SPP’s board is currently comprised of seven independent directors, including President Nick Brown. The RTO says expanding its board to up to 10 persons would “foster a measure of flexibility” and further director succession planning, “with due consideration given to director tenure, knowledge sharing and risk management.”

SPP’s Corporate Governance Committee recommended the revisions in April, when they were approved by the Members Committee.

Brown said last month the governance committee will be evaluating the results of a solicitation for board candidates, the first such search SPP has conducted in seven years. The committee will discuss the issue further during its Aug. 27 meeting.

— Tom Kleckner

PJM Operating Committee Briefs

VALLEY FORGE, Pa., — PJM will continue the generator testing begun last winter with only minor changes after members rejected proposals to expand the program.

More than 62% of more than 130 stakeholders who responded to a poll said they preferred continuing the program — begun last winter in response to the high number of generator outages during the 2014 polar vortex — with only minor changes, PJM’s David Schweizer told the Operating Committee last week.

The proposal included only minor changes requiring generators to submit a primary and alternate date for the exercise; submit results of the exercise to PJM; and report completion of the cold weather preparation checklist through eDART. Manual 14D: Generator Operational Requirements also will be revised to clarify combined-cycle offers for generators exercising one combustion turbine on alternate fuel.

Members rejected three other options that would have made larger changes to the program, including option 2, which would not compensate Capacity Performance resources for participating after the winter 2015/2016. It received only 42% support.

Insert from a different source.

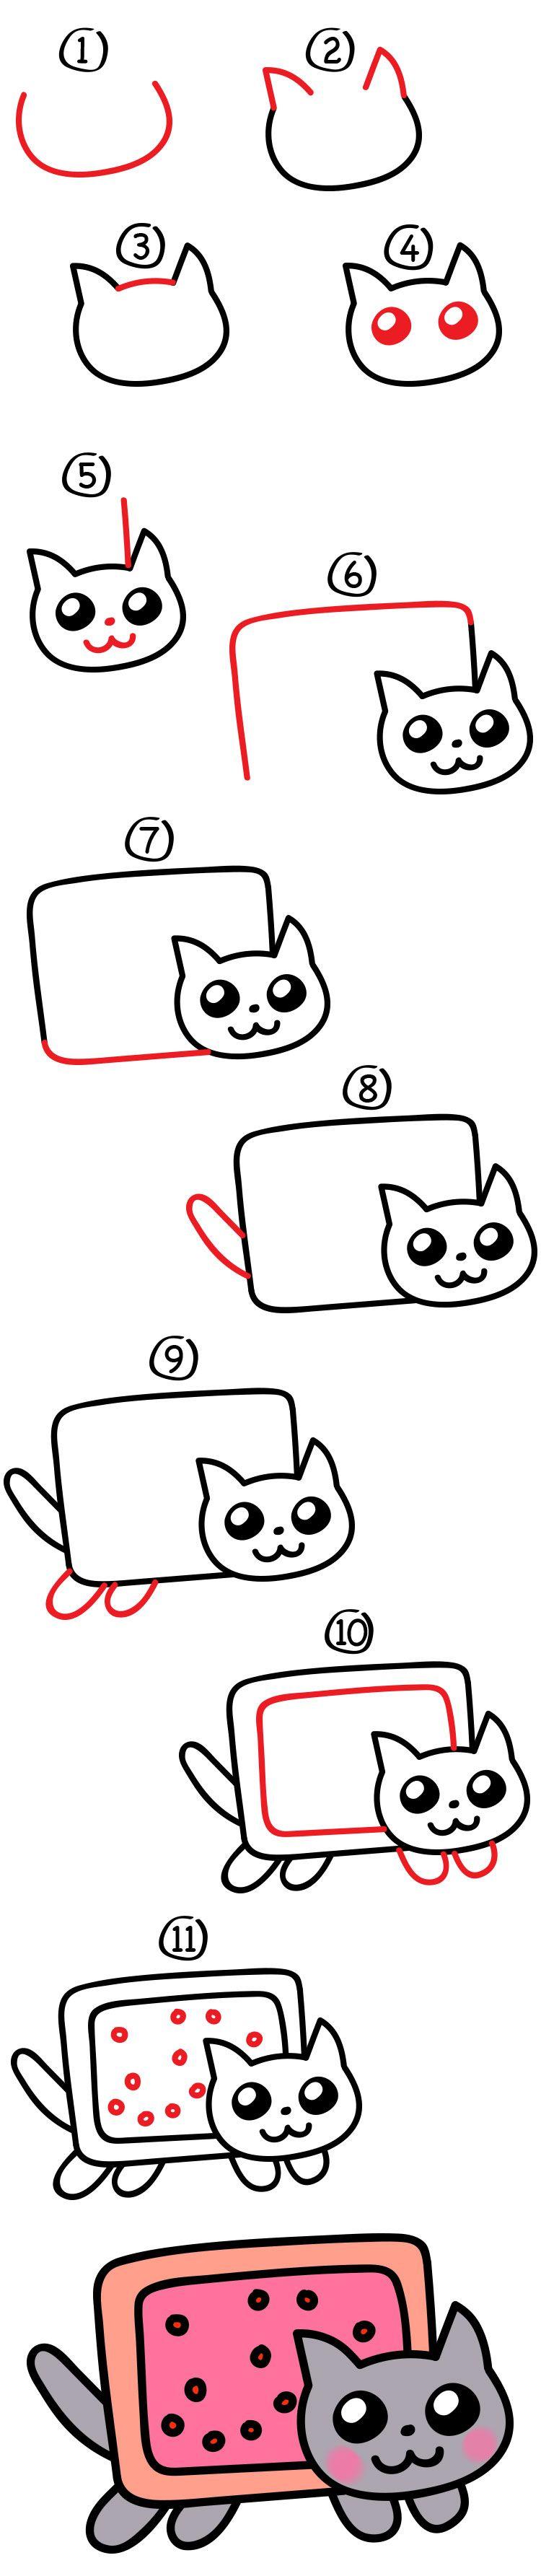 Pingl par jeanne peillex sur coloriage dessin comment - Apprendre a dessiner des animaux mignon ...

Option 3, which received 34% support, would have expanded the exercise period -– currently the month of December -– to Nov. 1 through Jan. 15; increased the maximum temperature to 40 F from 35 F in the southern zones; and increased the maximum test allowed daily from 1,000 MW to 1,200 MW. It also would have included a reevaluation of the program after winter 2015/16 to determine whether it should be continued.

Option 4, a combination of options 2 and 3, also received 34% support.

The testing, which cost about $7 million last year, was credited with improving generator performance during the winter of 2014/15. (See Why Did PJM Grid Fare Better This Winter?)

PJM Seeks to Eliminate Disconnect on Metering Requirements

PJM plans to modify Manual 1: Control Center and Data Exchange Requirements to “close the gap” between PJM requirements and generator practices regarding metering.

PJM’s Ryan Nice presented the OC with a first read on a problem statement to create a task force to draft new manual language. “Some of these gaps are pretty extensive,” Nice said.

Nice said the revised manual will clearly delineate requirements for monitoring and control metering used by PJM’s state estimator and revenue metering used in settlements.

“This is the raw data” for settlements and operations, Nice said. “So it really behooves everyone to pay attention to this.”

Members should send the names of those interested in joining the task force to ryan.nice@pjm.com.

PJM Moves to Tighten Training, Certification Requirements

The System Operations Subcommittee will consider ways to increase compliance with PJM training and certification requirements under an issue charge approved by the OC.

The SOS will only suggest changes to section 3.3 of Manual 40: Certification and Training Requirements, which deals with compliance, and not to the actual requirements, as detailed in section 3.2, said Glen Boyle, manager of system operator training. The subcommittee’s work will also not deal with North American Electric Reliability Corp. requirements, Boyle said.

PJM has been tracking non-compliance among several generation dispatchers, demand response providers and energy storage device operators for months and the situation has not improved. The subcommittee will “look for options to get these companies back into compliance,” Boyle said. (See “Generators’ Non-Compliance Continues” in PJM Operating Committee Briefs, June 15, 2015.)

PJM also briefed members on other changes to Manual 40. The changes, intended to clarify PJM’s processes, will be brought to a vote at the next OC meeting.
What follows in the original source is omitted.